On Mon, 2018-07-30 at 12:17 +0200, Oleg Nesterov wrote:
> On 07/30, Jürg Billeter wrote:
> > 
> > This is required for job control in a shell that uses CLONE_NEWPID for
> > child processes.
> 
> Could you explain in more details?

The SIGNAL_UNKILLABLE flag, which is implicitly set for tasks cloned
with CLONE_NEWPID, has the effect of ignoring all signals (from
userspace) if the corresponding handler is set to SIG_DFL. The only
exceptions are SIGKILL and SIGSTOP and they are only accepted if raised
from an ancestor namespace.

SIGINT, SIGQUIT and SIGTSTP are used in job control for ^C, ^\, ^Z.
While a task with the SIGNAL_UNKILLABLE flag could install handlers for
these signals, this is not sufficient to implement a shell that uses
CLONE_NEWPID for child processes:

 * As SIGSTOP is ignored when raised from the SIGNAL_UNKILLABLE process
   itself, I don't think it's possible to implement the stop action in
   a custom SIGTSTP handler.
 * Many applications do not install handlers for these signals and
   thus, job control won't work properly with unmodified applications.

Job control in a shell is just an example. There are other scenarios,
of course, where applications rely on the default actions as described
in signal(7), and PID isolation may be useful.
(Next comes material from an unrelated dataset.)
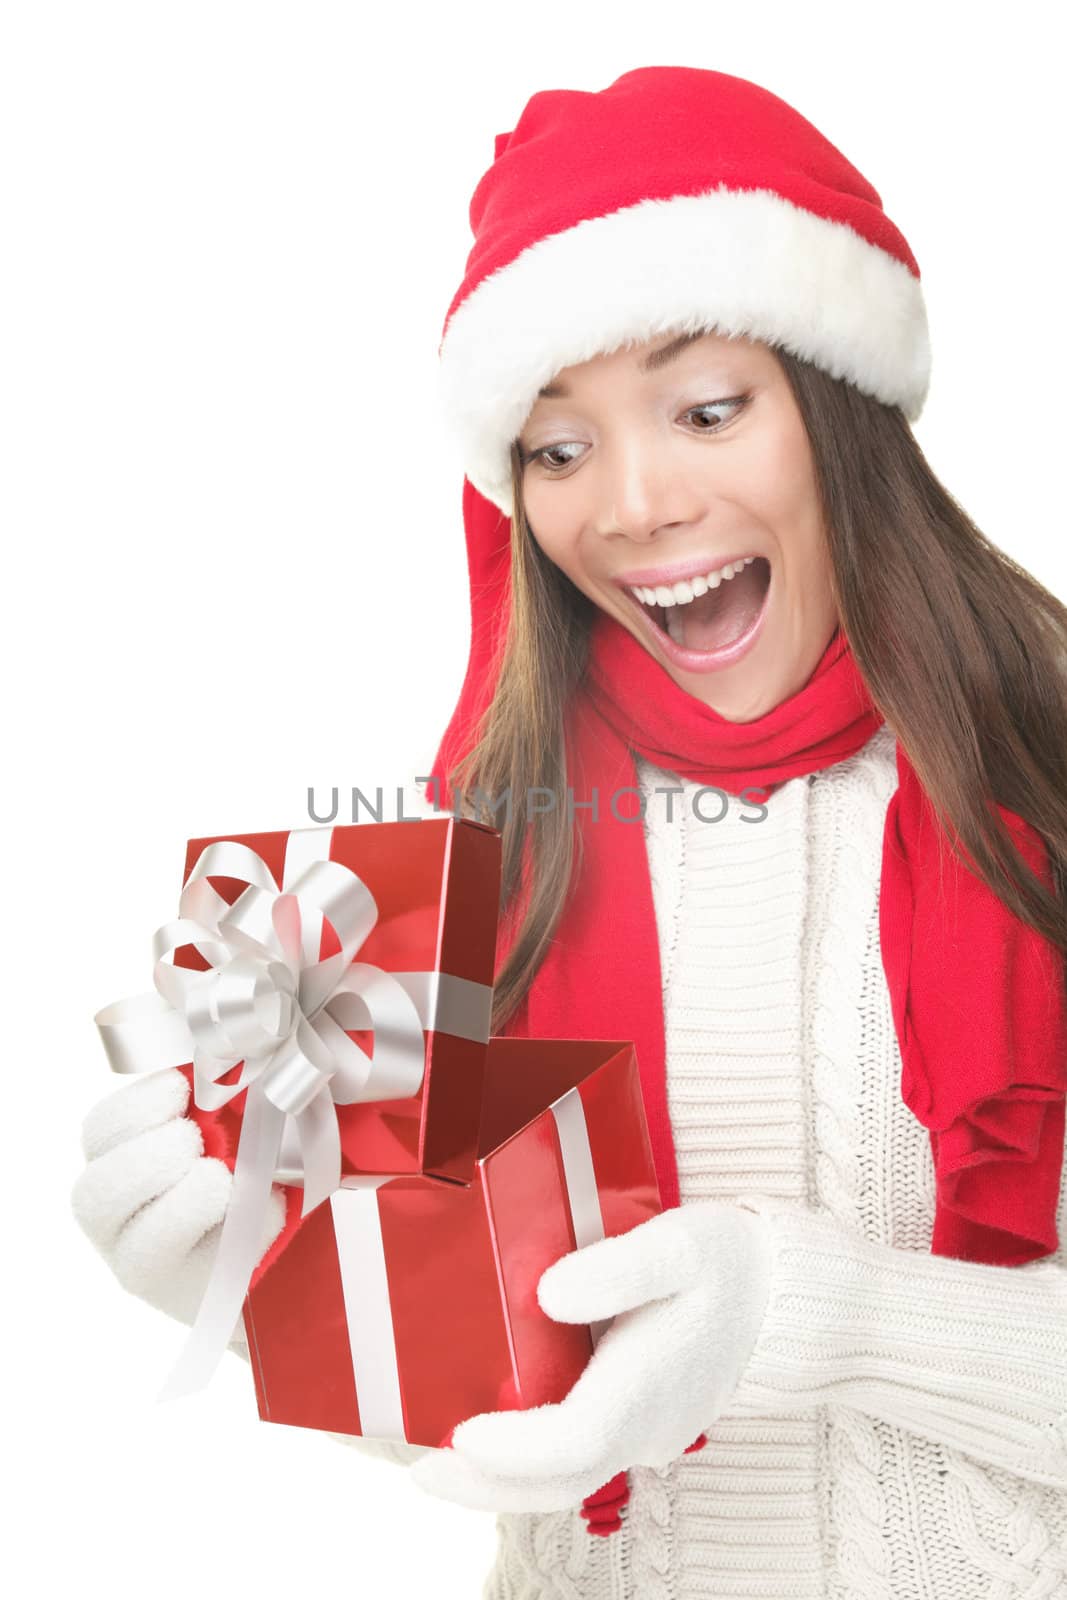 Christmas Gift - woman opening gift surprised and happy, Young beautiful smiling woman in Santa hat. Funny cute photo of Asian / Caucasian woman isolated on white background

In my opinion, the
kernel support for preventing accidental killing of the "init" process
should really be optional and this new prctl provides this without
breaking backward compatibility.

> > +	case PR_SET_KILLABLE:
> > +		if (arg2 != 1 || arg3 || arg4 || arg5)
> > +			return -EINVAL;
> > +		me->signal->flags &= ~SIGNAL_UNKILLABLE;
> 
> this needs spin_lock_irq(me->sighand->siglock).

Thanks for the review, will fix this for v2.